Question

How do you find the velocity and position vectors if you are given that the acceleration vector is `a(t)= (-4 cos (-2t))i + (-4sin (-2t))j + (-2t)k` and the initial velocity is `v(0)=i+k` and the initial position vector is `r(0)= i+j+k`?

Answer 1

First, note that `cos(-2t)=cos(2t)` and `sin(-2t)=-sin(2t)` since cosine is an even function and sine is an odd function.

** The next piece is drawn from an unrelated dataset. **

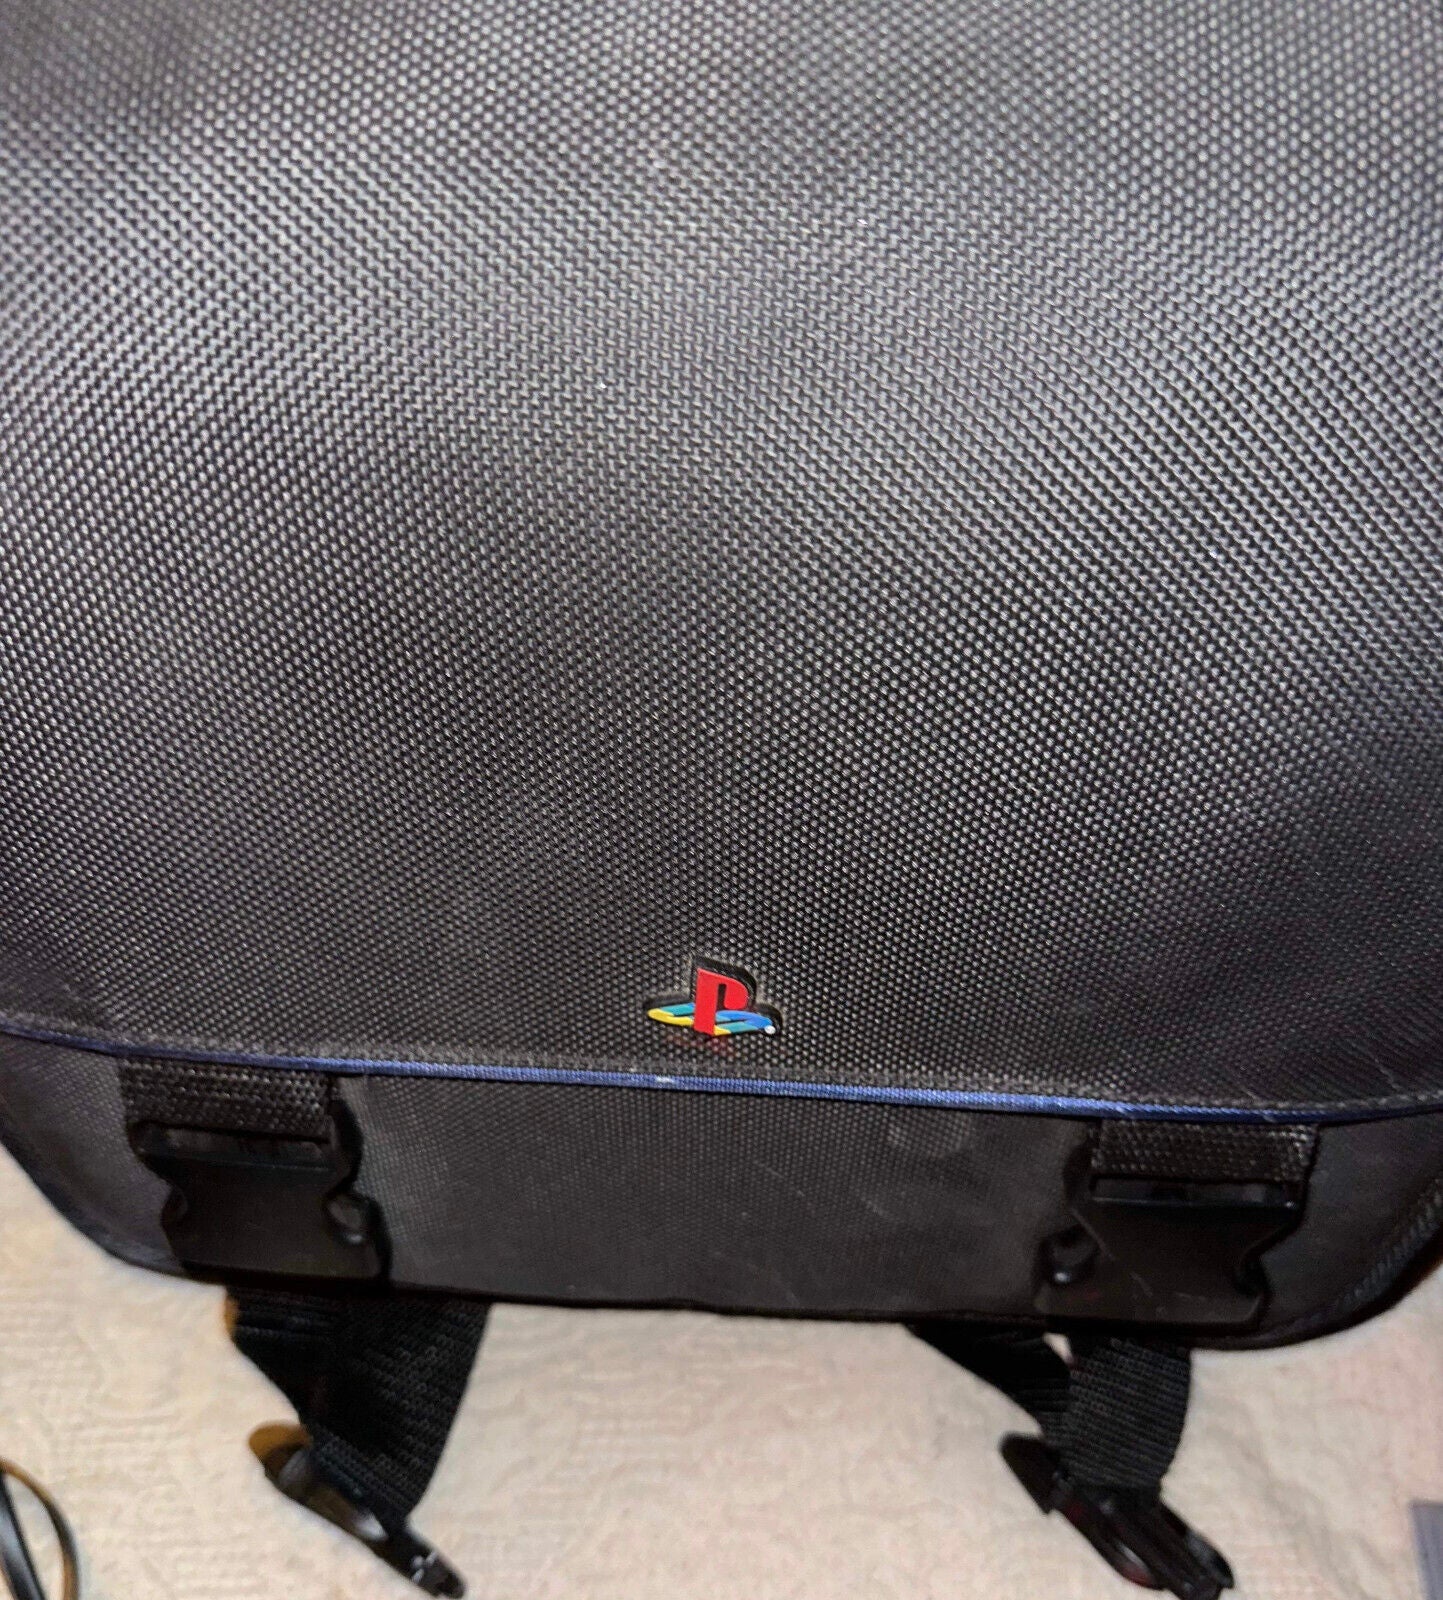 PS2 - Playstation 2 Console w 2 Controllers / Accessories / Game Bag

Now integrate to get `v(t)=-2sin(2t)i-2cos(2t)j-t^2k+\vec{c}`, where `\vec{c}` is a constant of integration. Since `v(0)=i+k` and since `sin(0)=0` and `cos(0)=1`, it follows that `\vec{c}=i+2j+k` so that `v(t)=(-2sin(2t)+1)i+(-2cos(2t)+2)j+(1-t^2)k`.

Now integrate again to get `r(t)=(cos(2t)+t)i+(-sin(2t)+2t)j+(t-\frac{1}{3}t^{3})k+\vec{c}`. Since `r(0)=i+j+k`, it follows that `\vec{c}=j+k` so that `r(t)=(cos(2t)+t)i+(-sin(2t)+2t+1)j+(t-\frac{1}{3}t^{3}+1)k`